■ Dataset extract ■
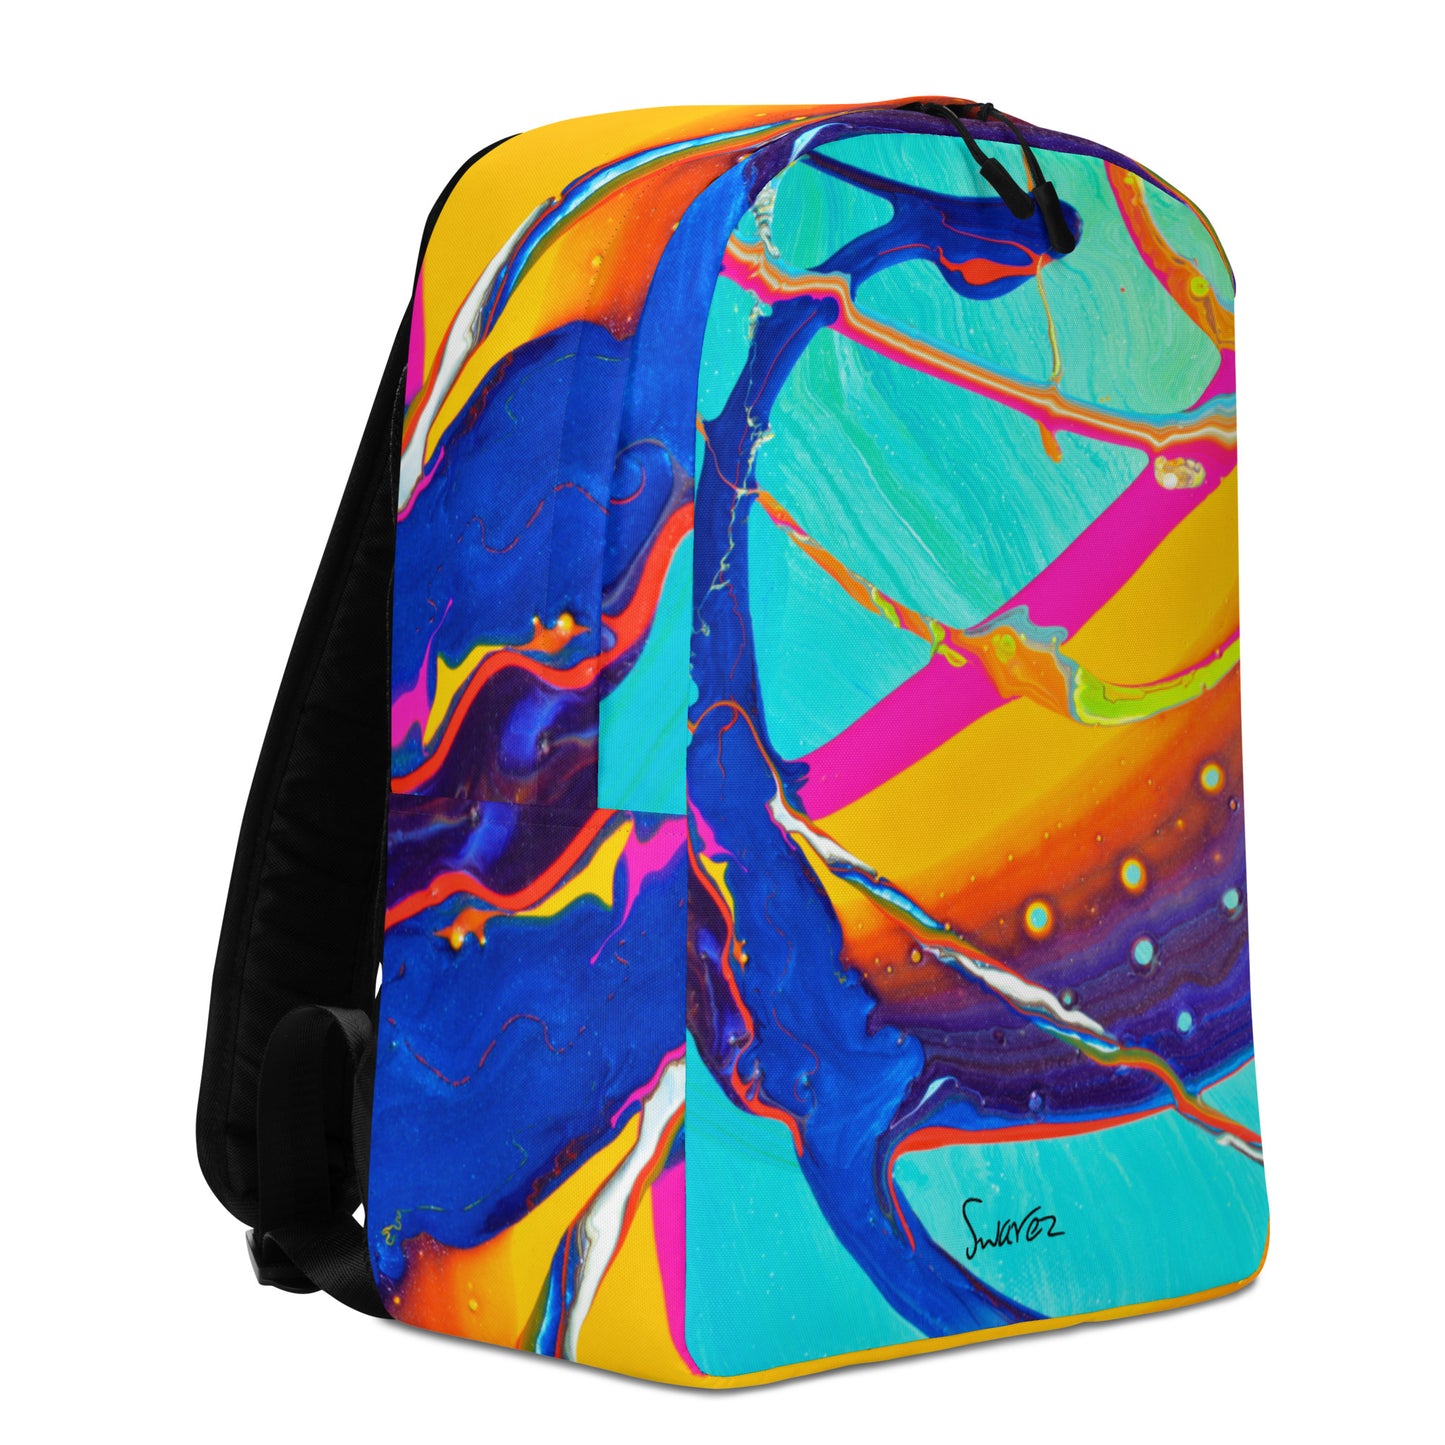 Minimalist Backpack - Rainbow design
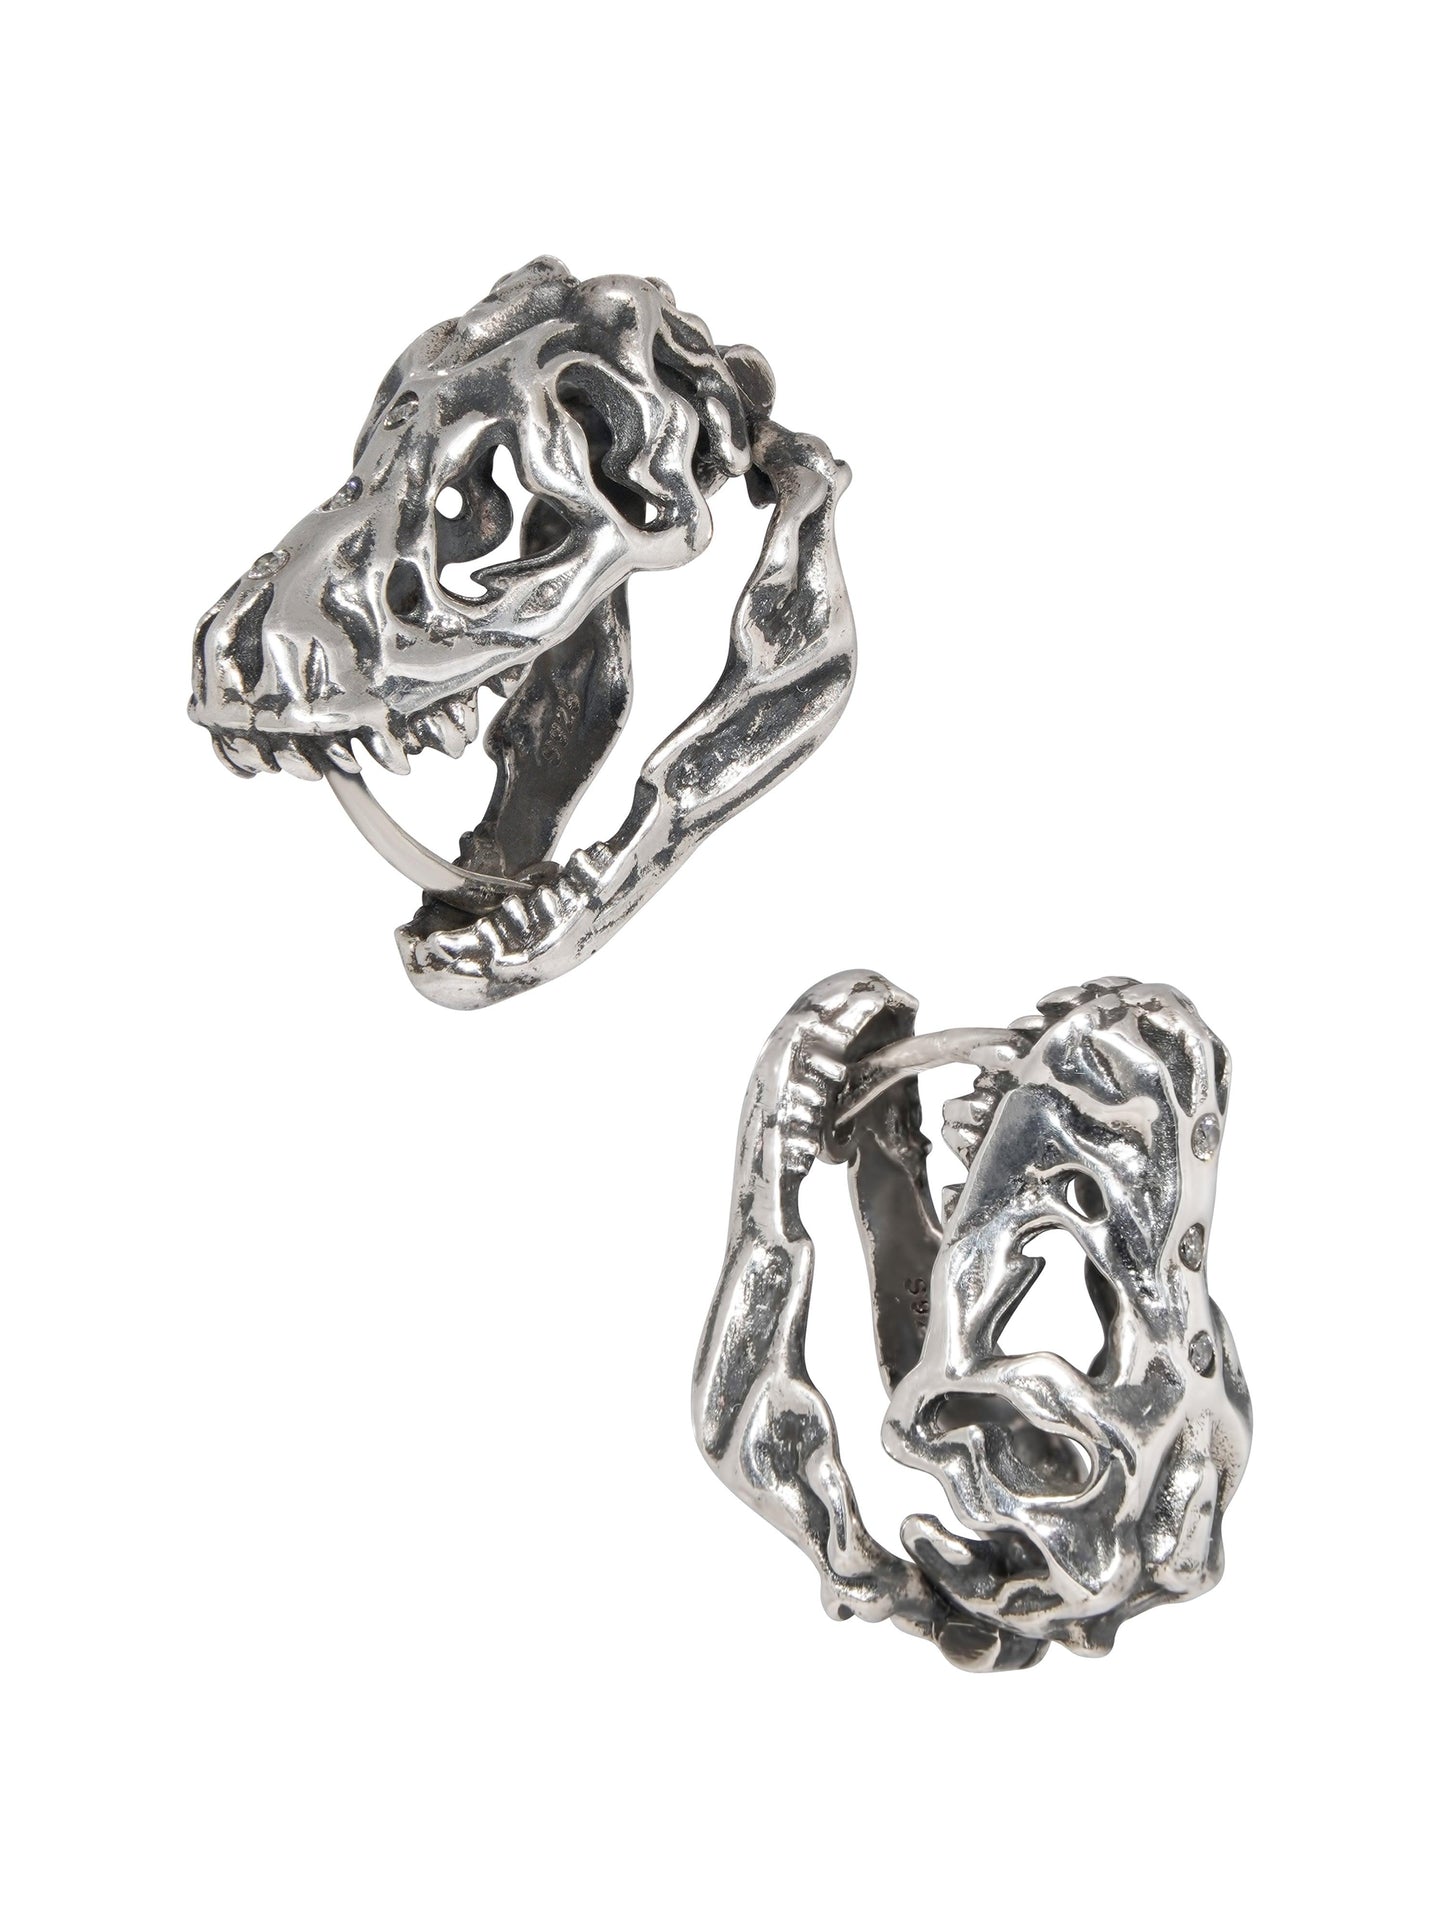 T. rex Skull Earrings - Work Piece
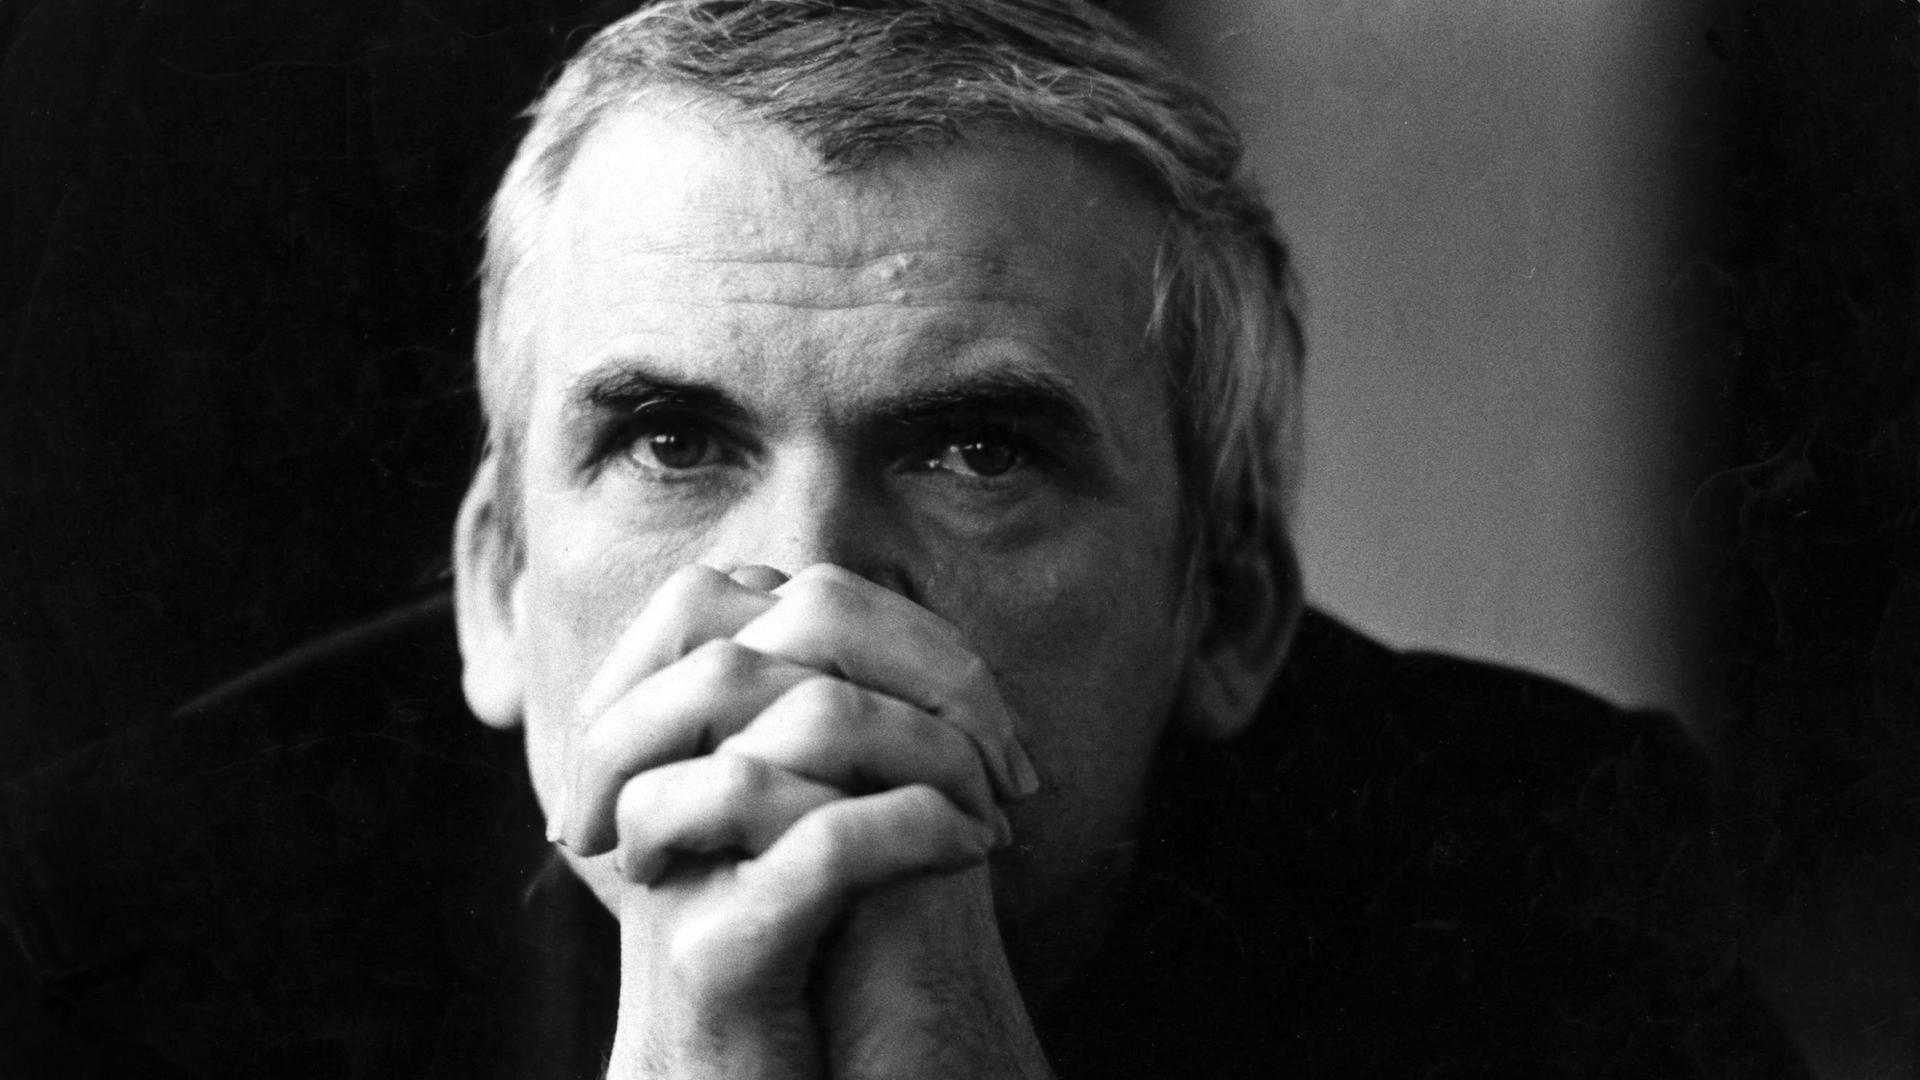 Der tschechische Schriftsteller Milan Kundera schaut über seine gefalteten Hände in die Kamera. Die Schwarz-Weiß-Aufnahme stammt aus dem Jahr 1981.
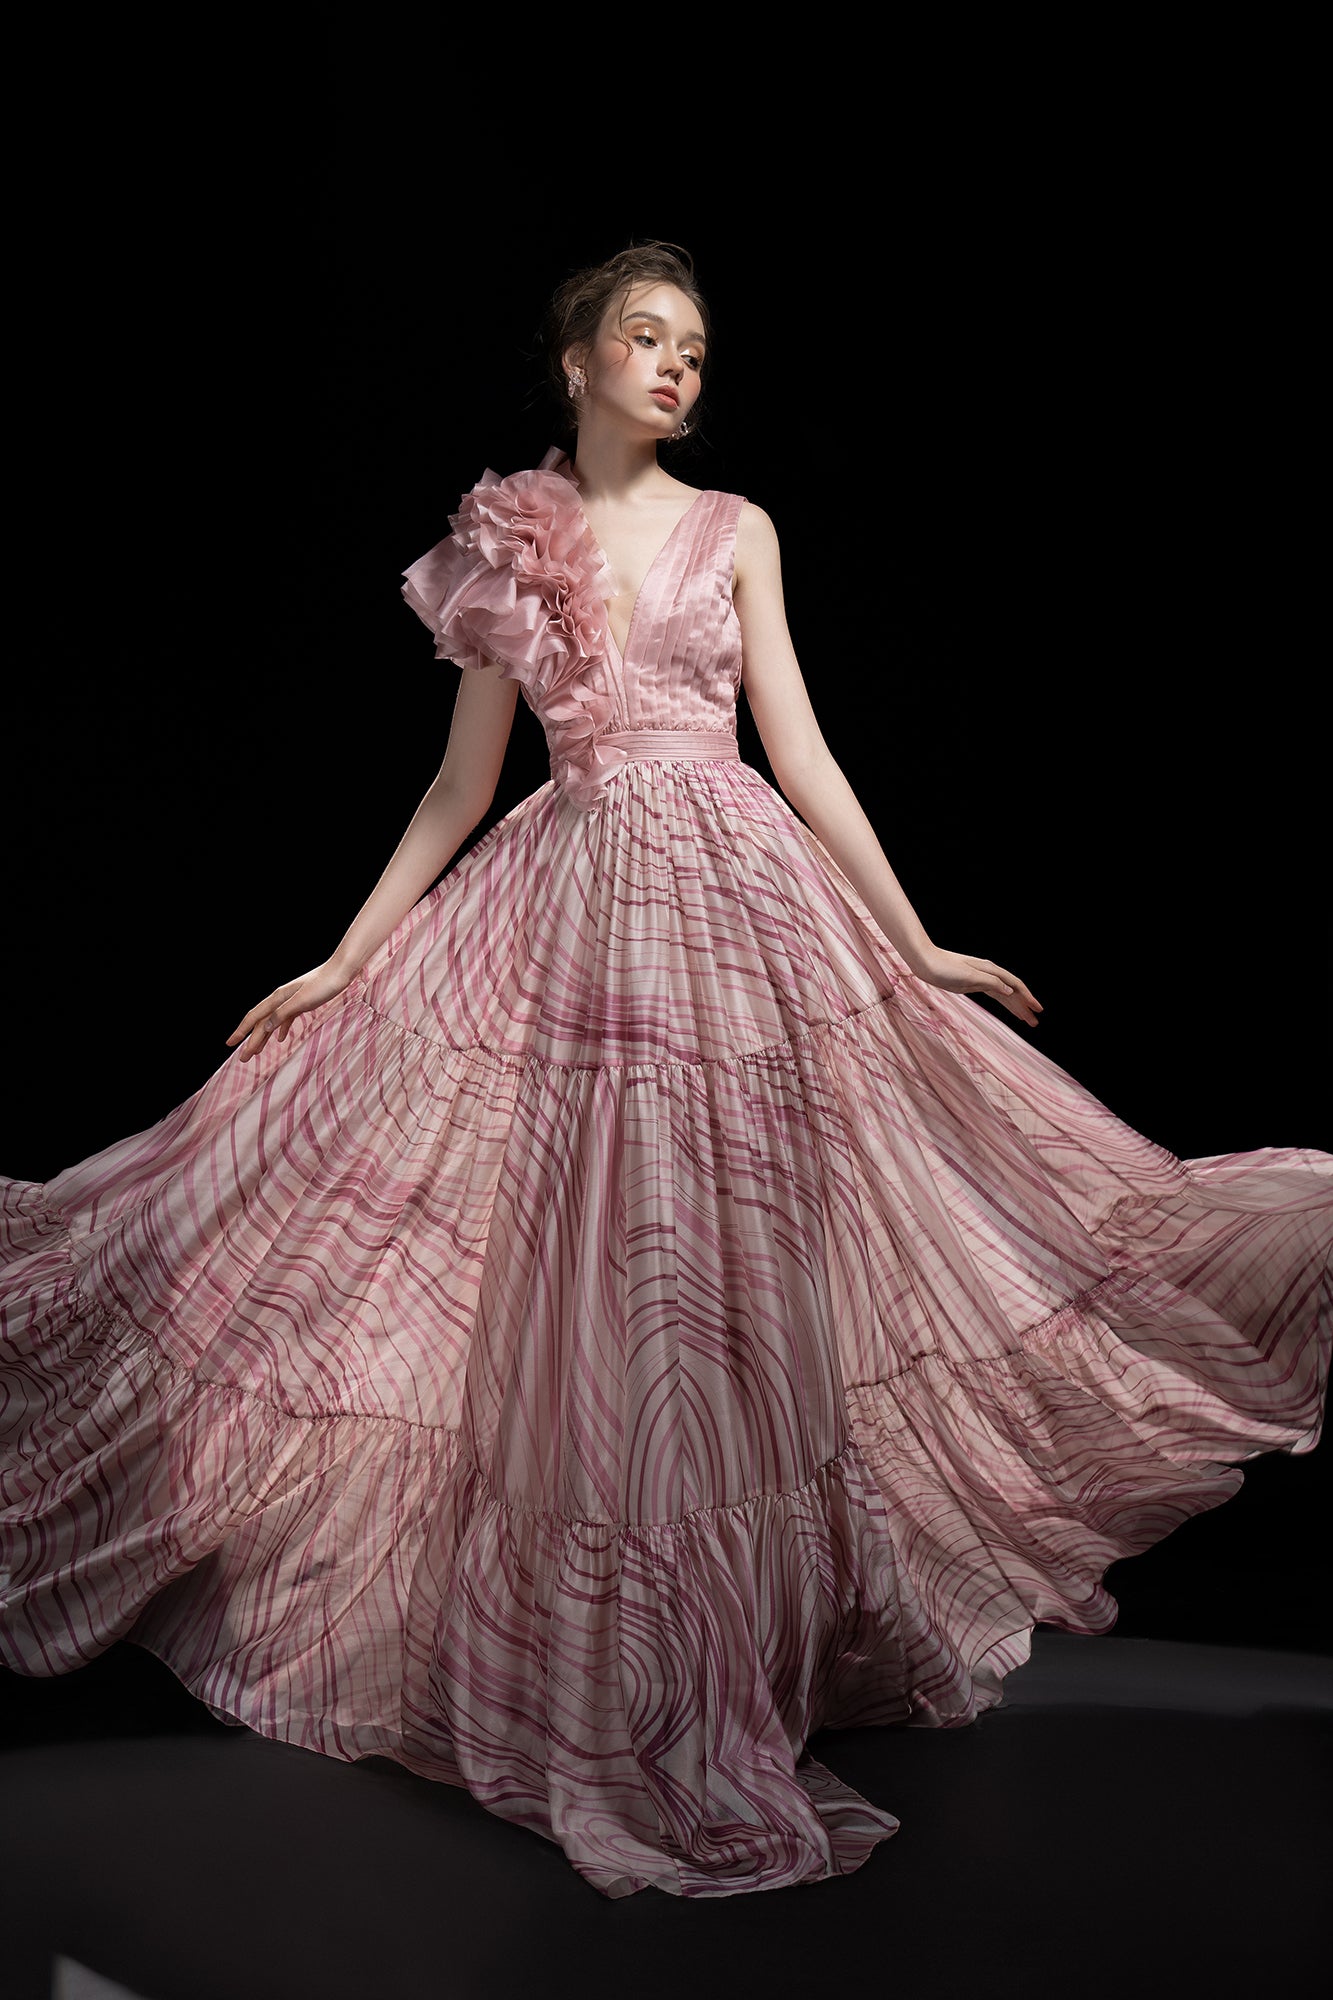 Tricia Shiny Silk wave dress

■ Work to be completed ■
What you give back should be the full material above, retyped exactly, with every image removed.

■ Solved problem ■
 Minimalist Backpack - Rainbow design
 T. rex Skull Earrings - Work Piece
 Der tschechische Schriftsteller Milan Kundera schaut über seine gefalteten Hände in die Kamera. Die Schwarz-Weiß-Aufnahme stammt aus dem Jahr 1981.
 Tricia Shiny Silk wave dress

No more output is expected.